● **DATA SHOWN**:
───
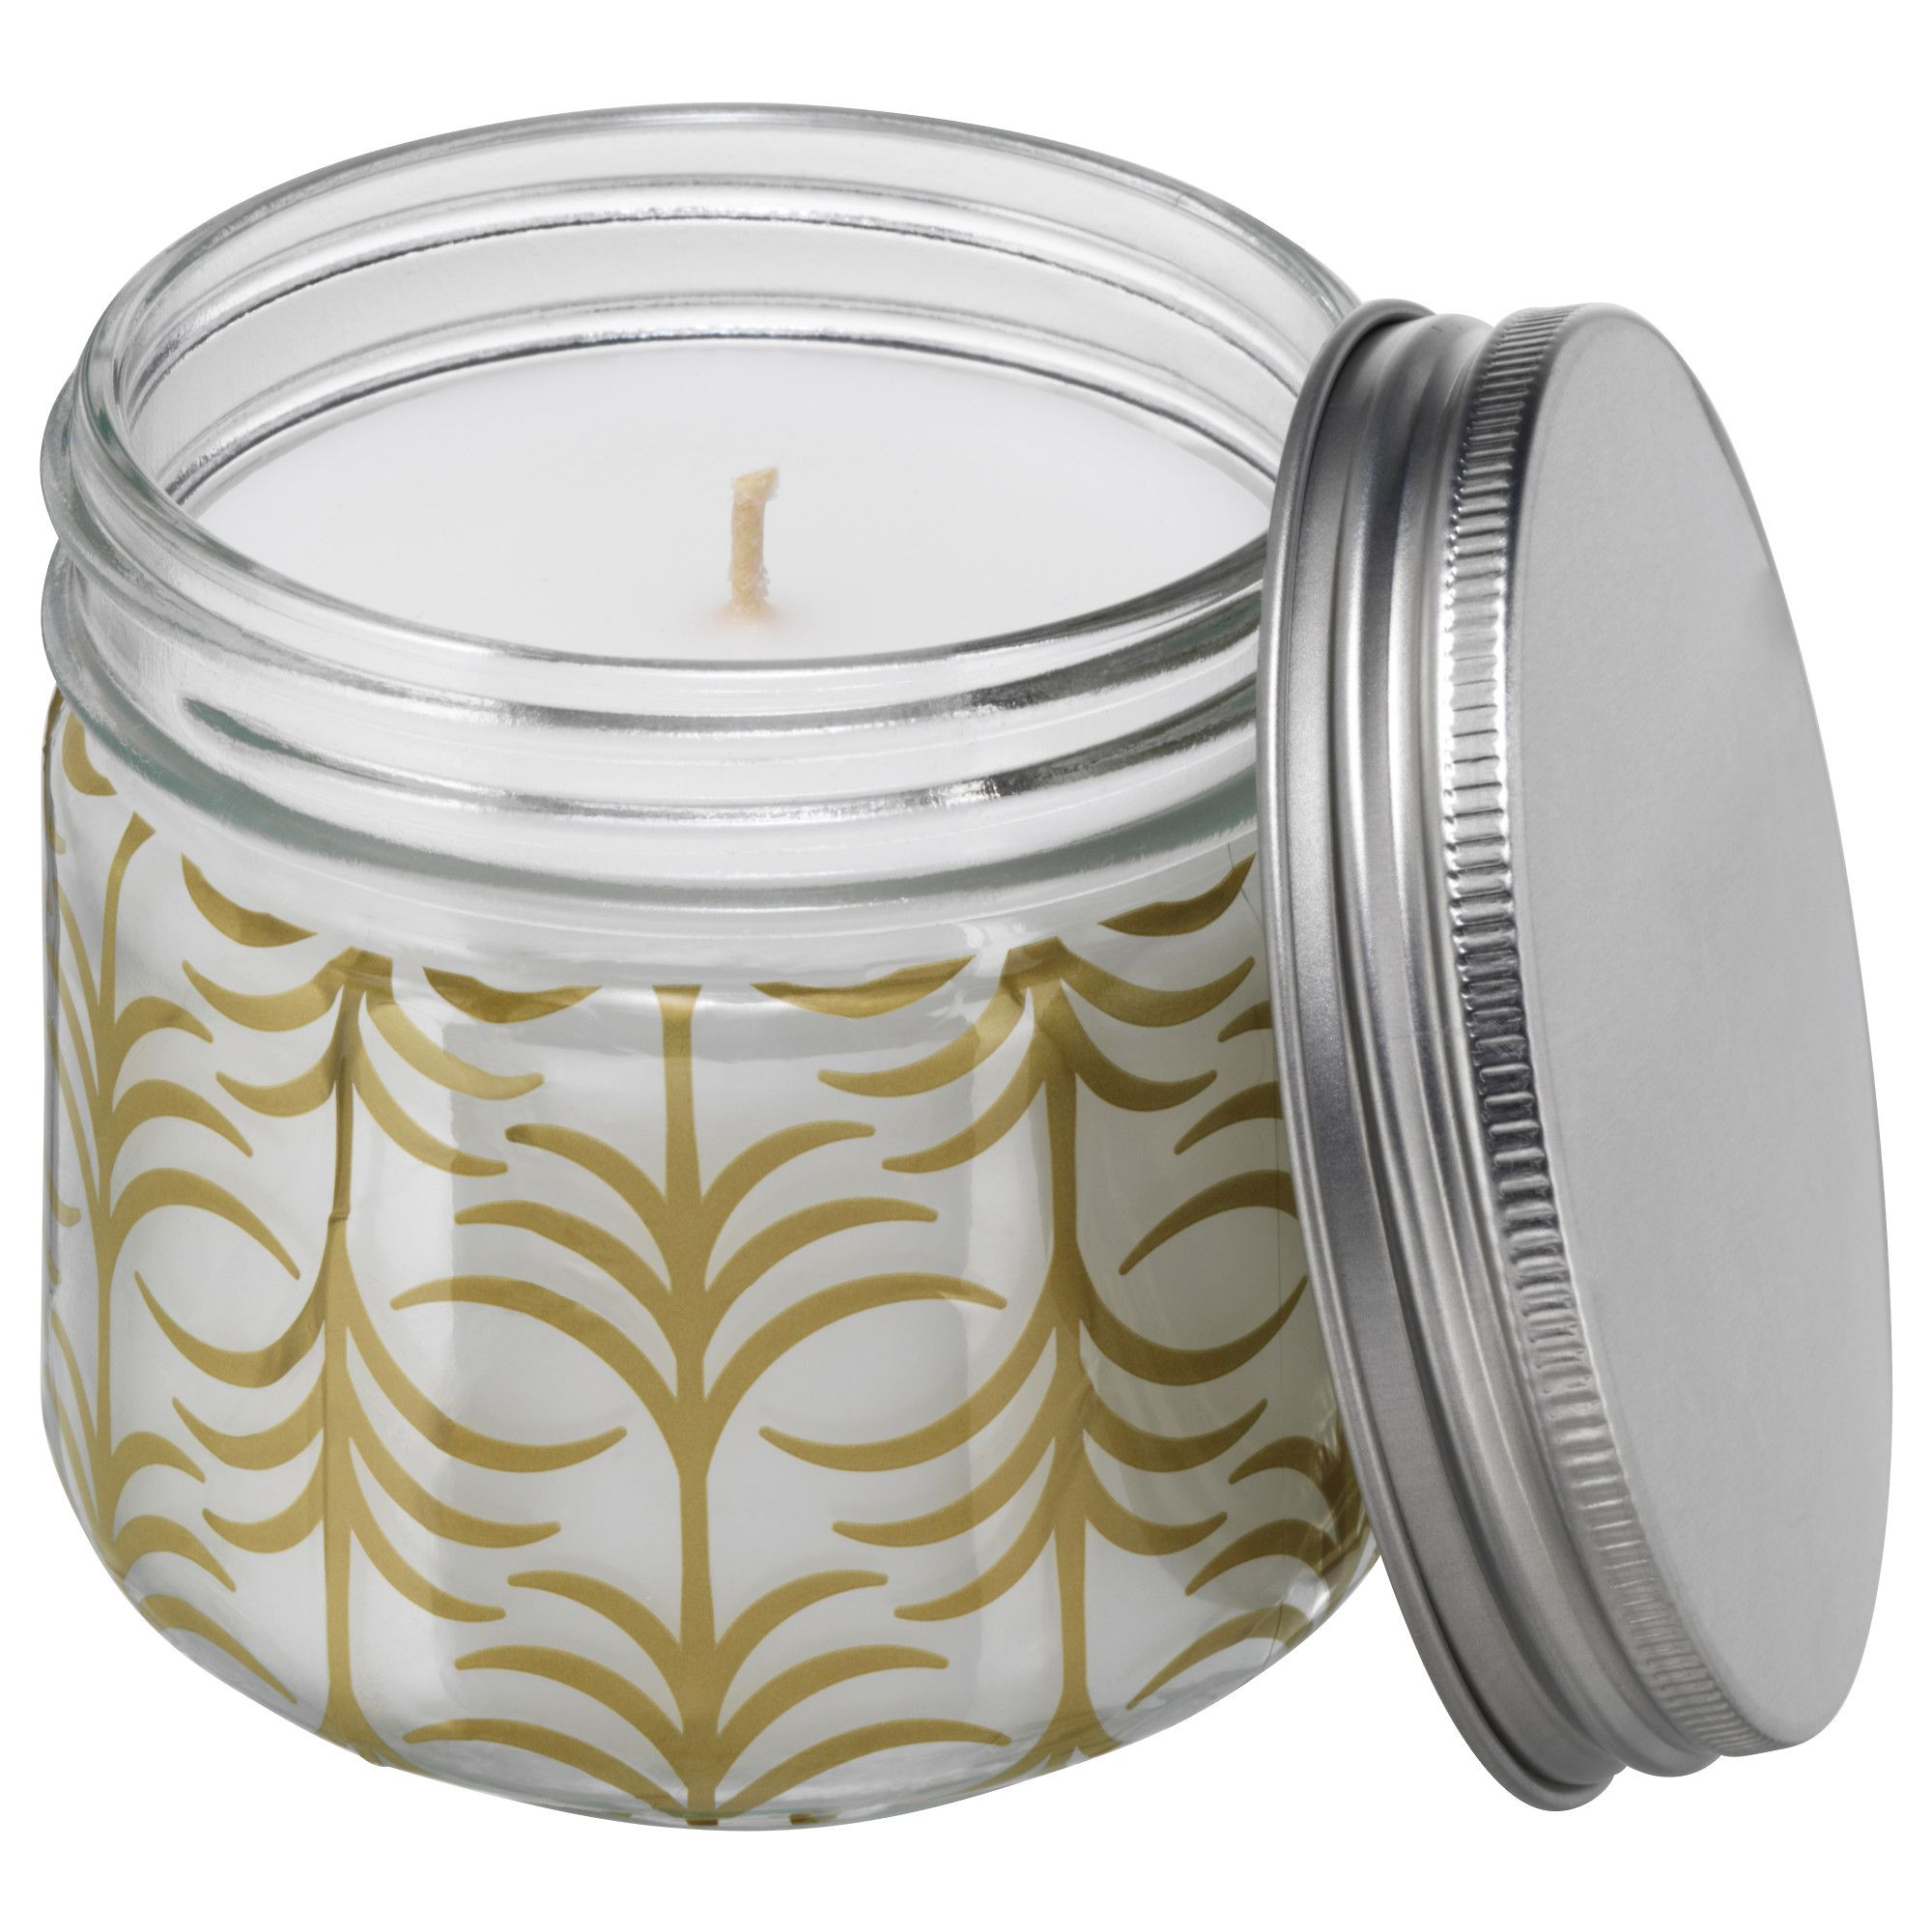 Ikea Kerzen Im Glas förlika duftkerze im glas goldfarben jetzt bestellen unter https
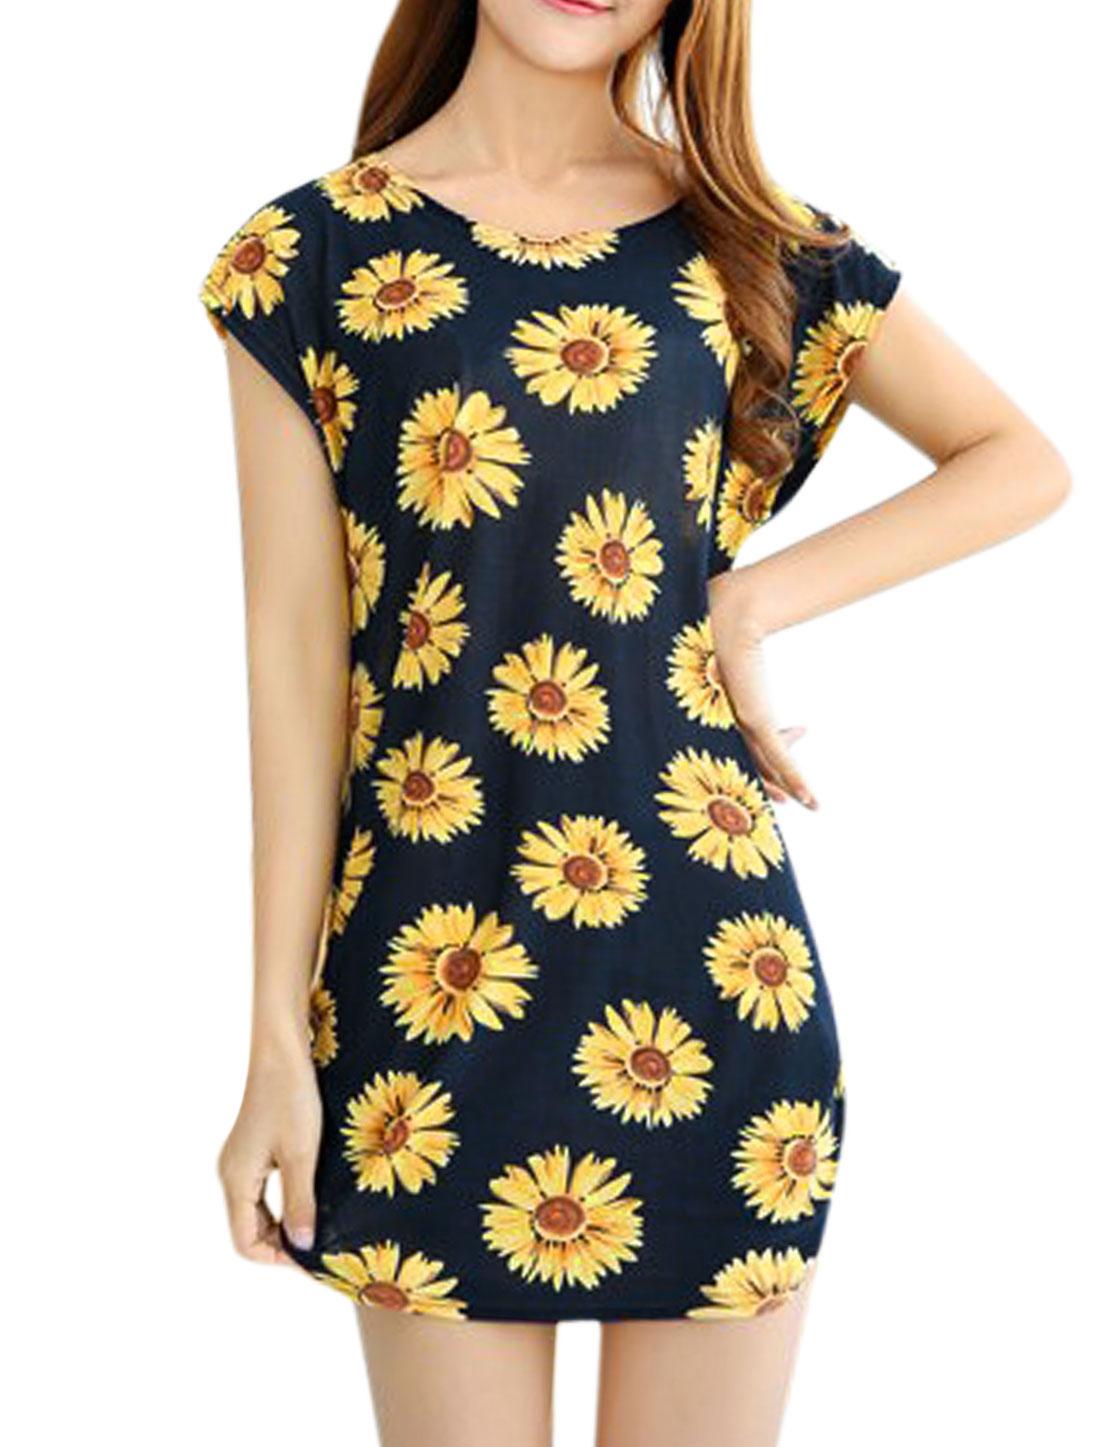 Women Short Sleeve Flower Print Sides Shirred Dress Navy Blue Yellow S
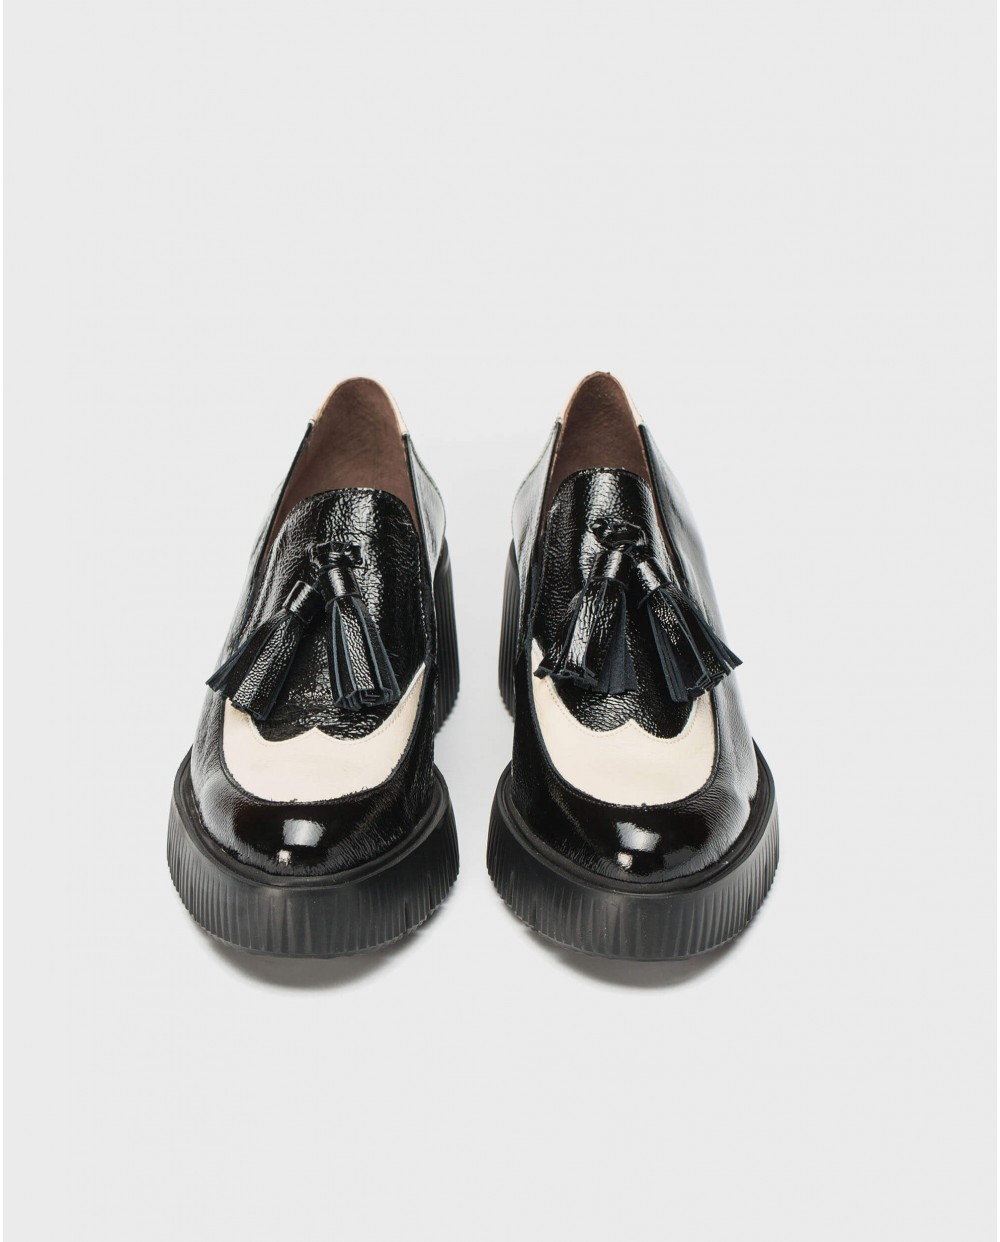 Wonders-Flat Shoes-Platform moccasin with tassel
───
● **ABOUT THIS EXERCISE**:
Copy the preceding data in full and word for word, dropping its pictures.

● **ANSWER TO THE PROBLEM**:
 Ikea Kerzen Im Glas förlika duftkerze im glas goldfarben jetzt bestellen unter https
 Women Short Sleeve Flower Print Sides Shirred Dress Navy Blue Yellow S
 Wonders-Flat Shoes-Platform moccasin with tassel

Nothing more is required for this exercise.